Oh, but productivity sucks, you say. Work sucks. Yes, I thought so too, until I started to force myself to pound out at least 2,000 words every day. Shockingly, I became happier. Crucially, it was a different level of happiness. A higher level. It was joy, as opposed to pleasure, to borrow from Zadie Smith’s essay. The only times I have been really unhappy this year were the days I didn’t write, or didn’t write enough. That lack of productivity was a gateway to other forms of unproductivity. It’s like an insidious disease. If I didn’t write, I was also not likely to read, or exercise, or listen to music, or play music — my other happy pills.
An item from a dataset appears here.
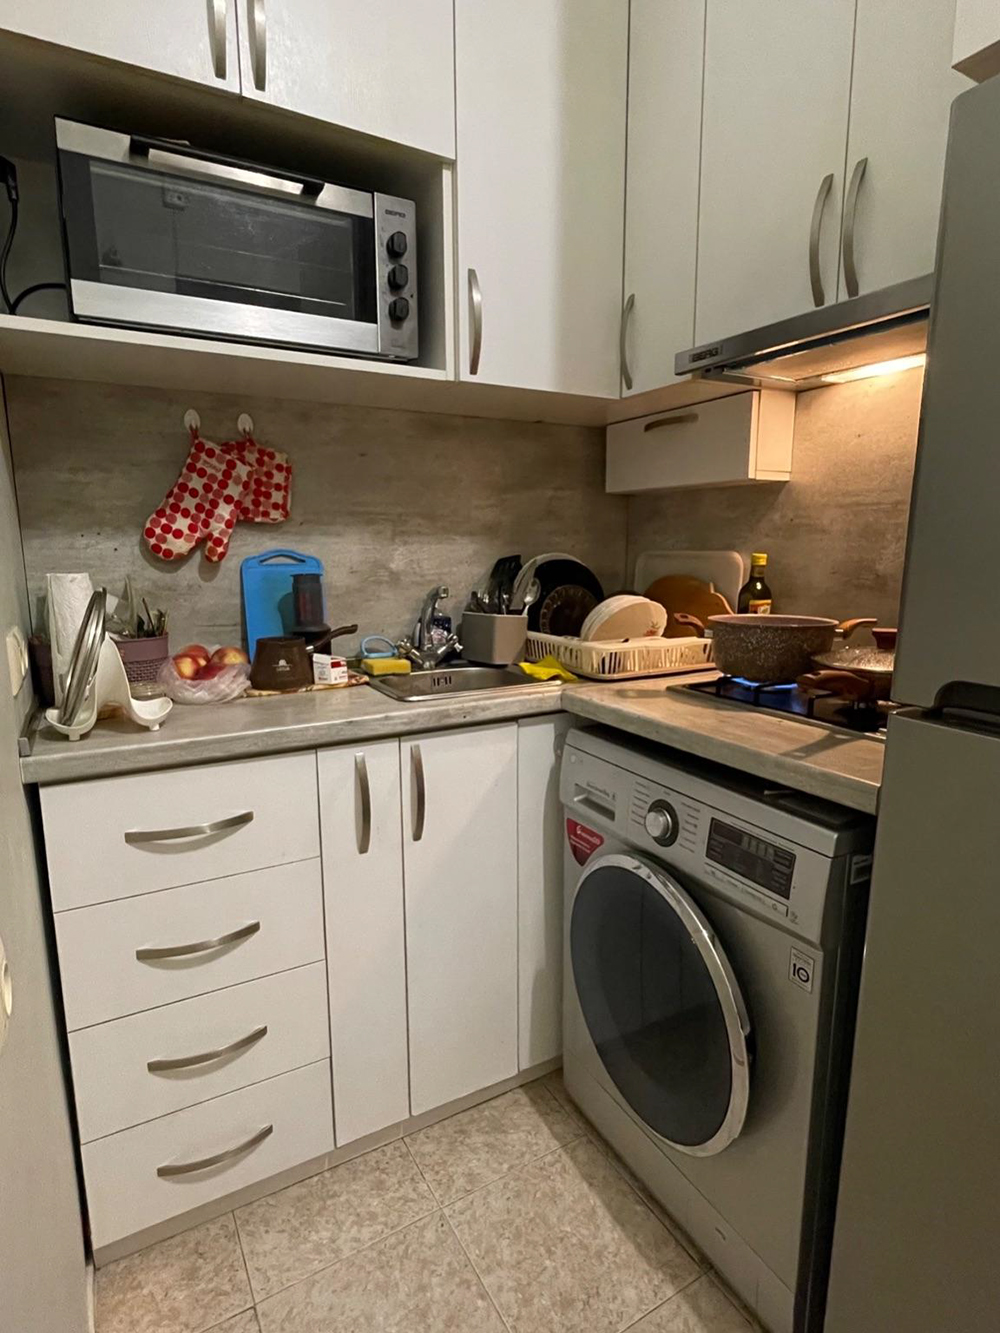 Узкая кухня предназначена только для готовки — такие в большинстве армянских квартир
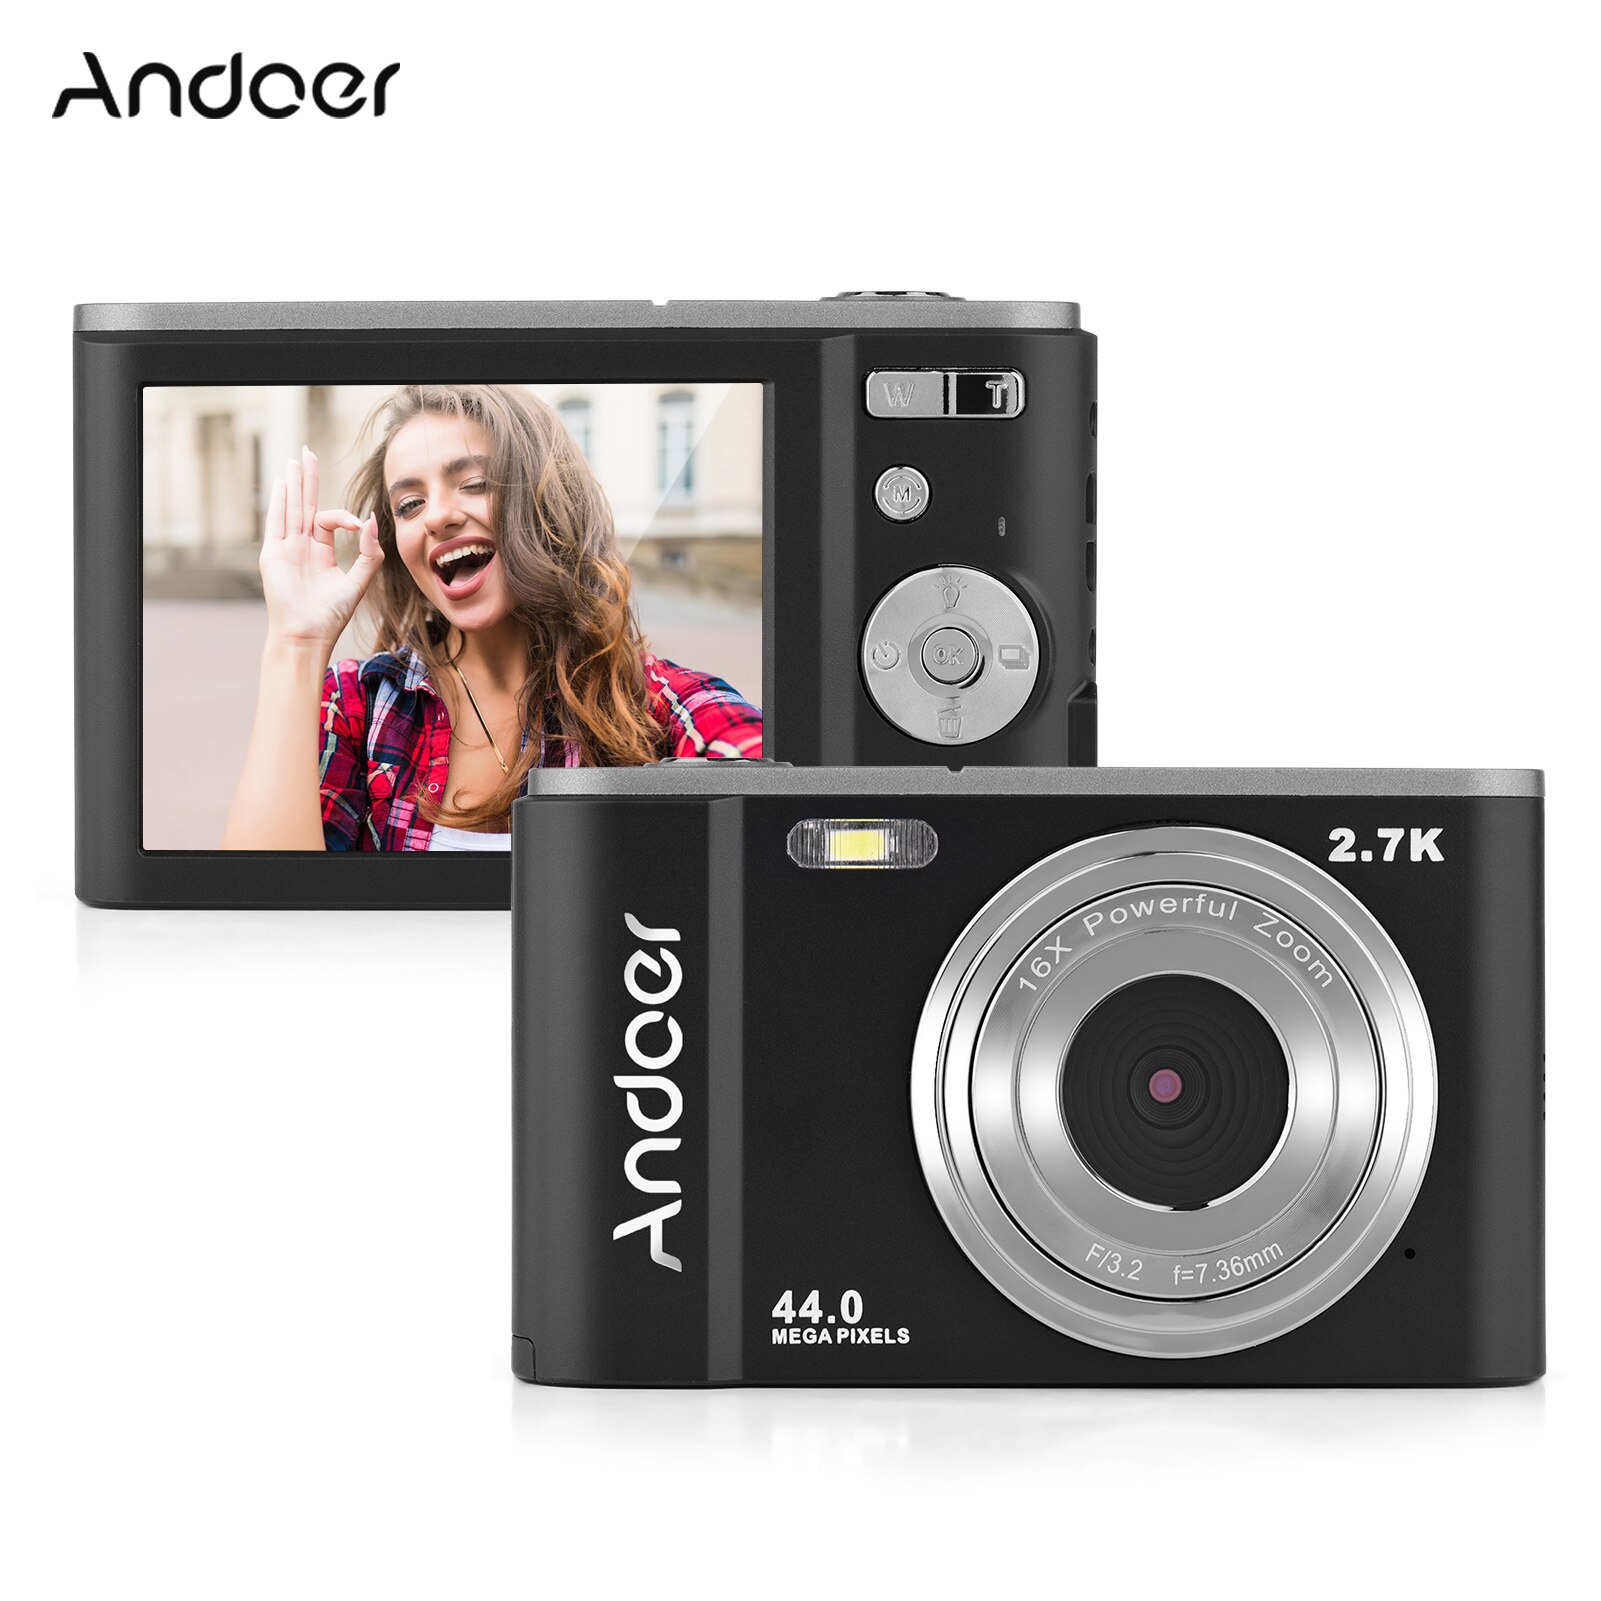 Foto Mini fotocamera digitale 44MP 2.7K 16X Zoom autoscatto 128GB memoria estesa rilevamento del viso batterie integrate anti-agitazione

Who knew that my brain actually wanted to synthesize the events and thoughts of each day, write fiction, write personal essays, write articles? Well of course it does. It wants to be used. It’s just that there’s a reflex in the brain that likes to convince us that idleness is more pleasurable than action. That drinking is superior to thinking. That browsing is superior to creating. The only solution I have found is to forcibly remove the triggers of idleness from my life. Just as idleness begets more and varied idleness, productivity begets productivity. For me, happiness has simply become a matter of filling a certain number of coffers per day: writing (working), reading, talking with people face-to-face, exercising, going outside, spending time with pets, listening to music. Interesting: the Internet isn’t required for any of the activities I just mentioned.